We like certainty. We like knowing where we have been and where we are; we like knowing where we are and where we are going. We like nice clean moments and perfect transitions.

We like knowing who we are and where we stand.

I need to be careful here. There isn’t anything wrong with knowing who you are and where you stand. And there isn’t anything wrong with falling to your knees and praying the prayer. That’s how it is… for some people… some of the time.

But if you’ve been around for a while—and if you’ve been paying attention—then you know that sometimes, you get a nice clean moment… a perfect transition from one life to another.

But most of the time…

Look, if you laid my life out in a straight line and looked at all of it at once… there would be a span when I am not married and a span when I am married. And I was married in a nice clean moment, a perfect transition from one life to another. But the relationship that Mariah and I have—the relationship that makes that moment matter—overflows that moment and overwhelms everything else.

And there would be a span when I am not baptized and a span when I am baptized… when I am not confirmed and when I am confirmed… when I am not ordained and when I am ordained. But the relationship that I have with Christ—the relationship that makes all of those moments matter—overflows those moments and overwhelms everything else.

And when I look at my life… when I examine those moment that looked like nice clean perfect transitions… it turns out that they are a lot messier than I remember. It turns out that who-I-am is really just a freeze frame of who-I-am-becoming. And where-I-stand is just a snapshot of where-I-am-going.

And that the certainty that we like so much is nothing more than a comforting illusion.

A little bit after Jesus tells Nicodemus about being born anew, of water and of spirit, he talks about light. And he says, more or less, “I am the light of the world. And I didn’t come here to condemn the world. I came here to save it; to light it up. So here’s what it comes down to: you can either sit in the dark with your sins… or you can step into the light.”

And here’s the thing about light: it doesn’t have a nice clean boundary. There isn’t a perfect transition from darkness to light. You don’t step into it in a moment.

There is twilight and shadow and penumbra; light bleeds into darkness and overwhelms it.

And maybe being Christian…

…following this Jesus as he travels from Cana to Jerusalem to Samaria to Cana to Jerusalem to Galilee to Jerusalem and further still…

…following this Jesus as he moves through the world and through us…

…being born from above, of spirit and of water…

…is not so much a moment as a journey.
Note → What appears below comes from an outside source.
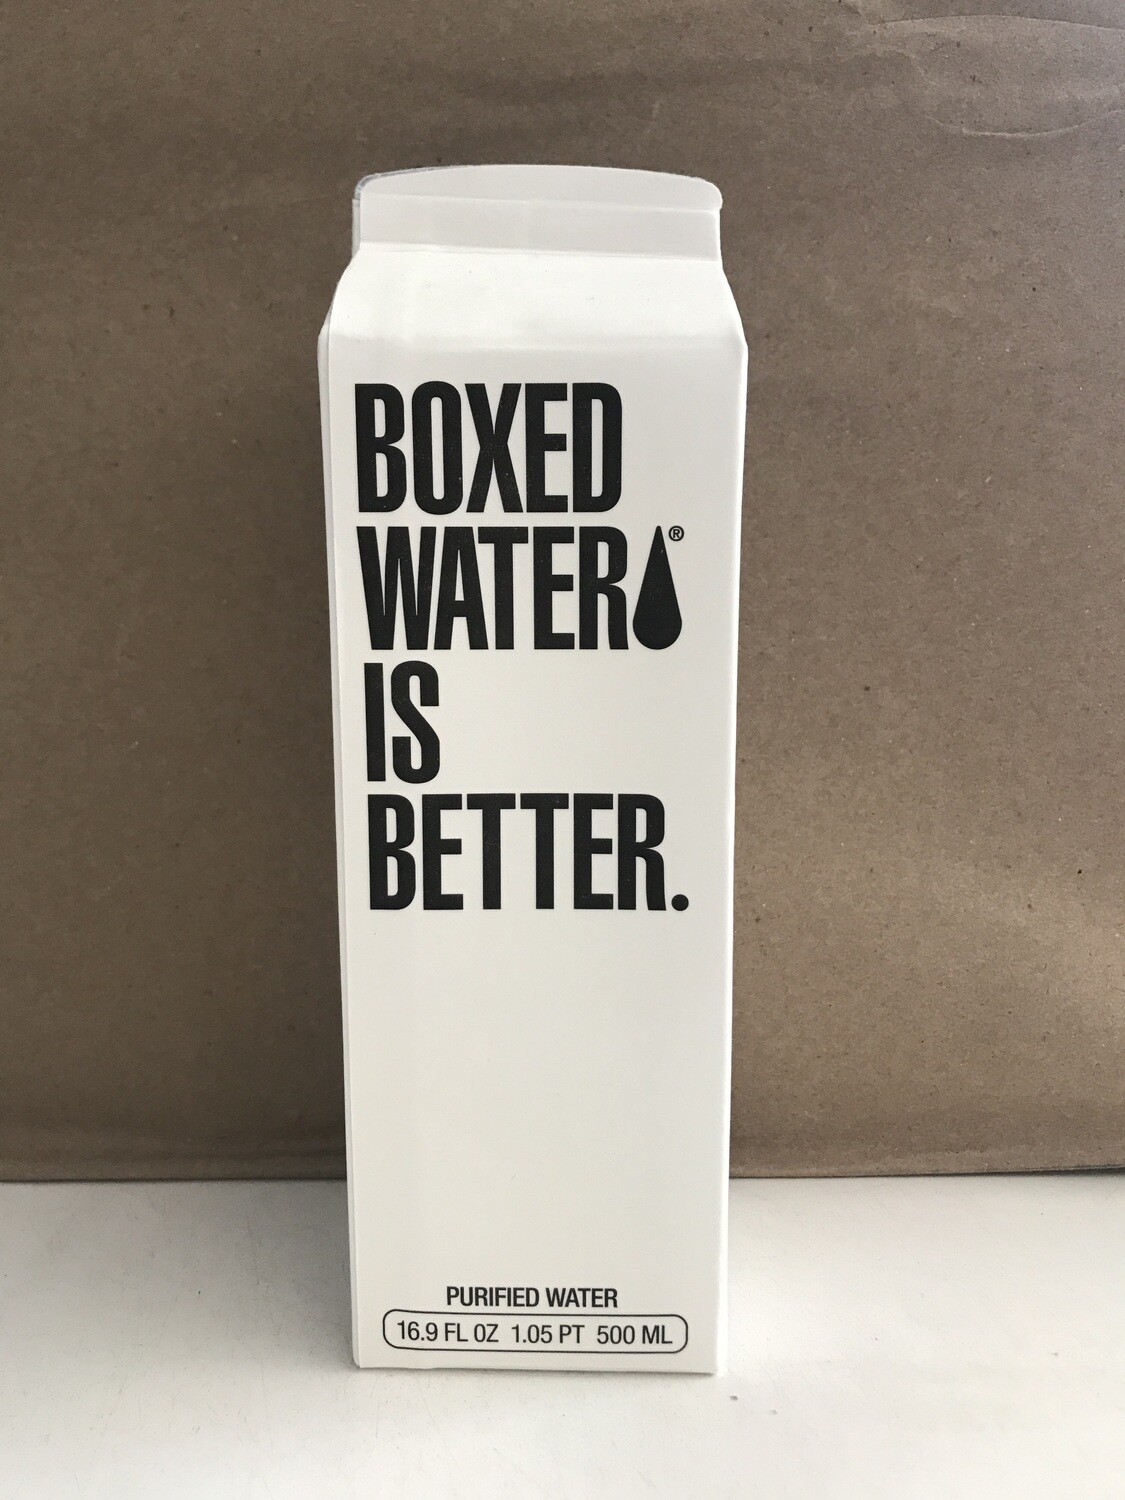 Beverage / Water / Boxed Water is Better, 500 ml

It’s a journey that goes from place to place, back and forth, around and around, through light and darkness and shadow. It’s a journey that doesn’t make a whole lot of sense in the moment. it’s a journey where even we don’t quite know where we are coming from and where we are going.
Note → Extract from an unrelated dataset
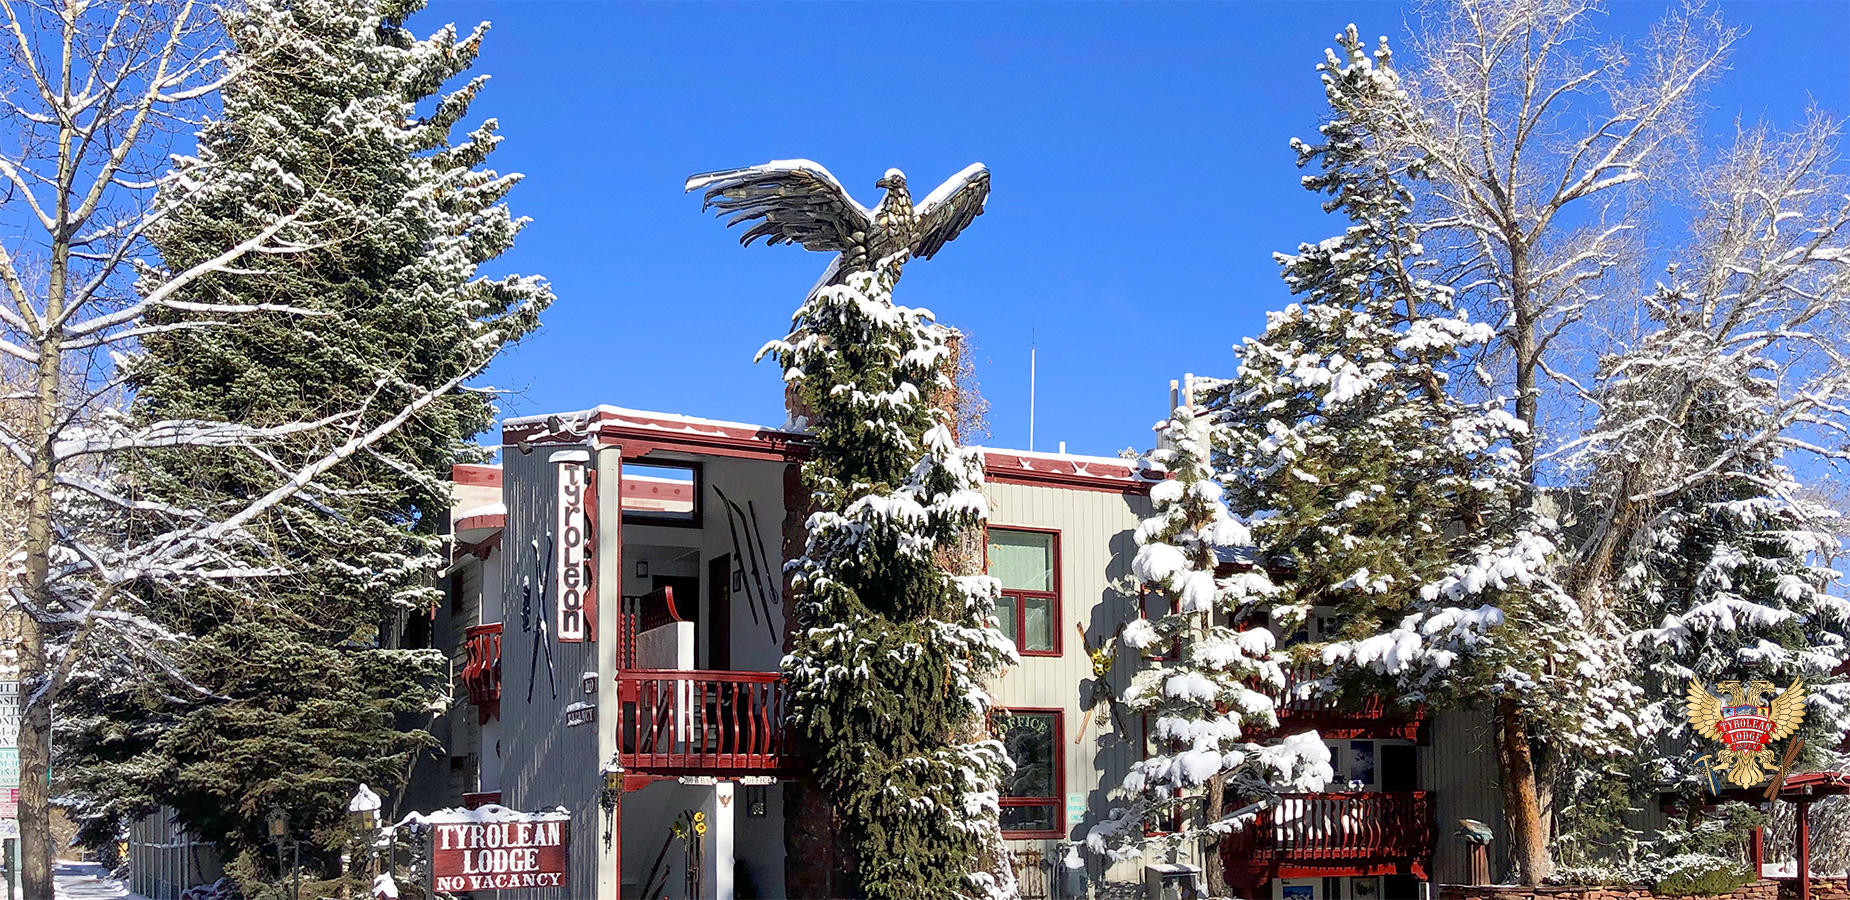 Lou Willie's eagle sculpture is the Tyrolean Lodge's iconic beacon in winter

But the good news is that it is a journey where we have a guide; and that guide knows the way.

Our faith, is not in who we are or where we stand. Our trust is not in our certainties or our prayers. Our sense of direction in the uncertain geography of our lives is not founded on the crude maps that this world offers.

Our faith is in Christ: the light who guides our journey. Our faith is in Christ when his light is a pinpoint on the horizon. Our faith is in Christ when his light overflows the world and overwhelms us. Christ is our certainty.

And I know that’s hard. I know that’s hard when it feels like we are wandering in the wilderness and all but lost in the darkness. And I know that it can be tempting to grab onto whatever illusions of certainty this world might offer.

But I am certain that Christ is leading us to something amazing… to a life where every doubt will fall away and every tear will be wiped away… to nothing less than the kingdom of God.

And maybe—just maybe—that journey is what being born anew, of water and of spirit, to eternal and abundant life, is.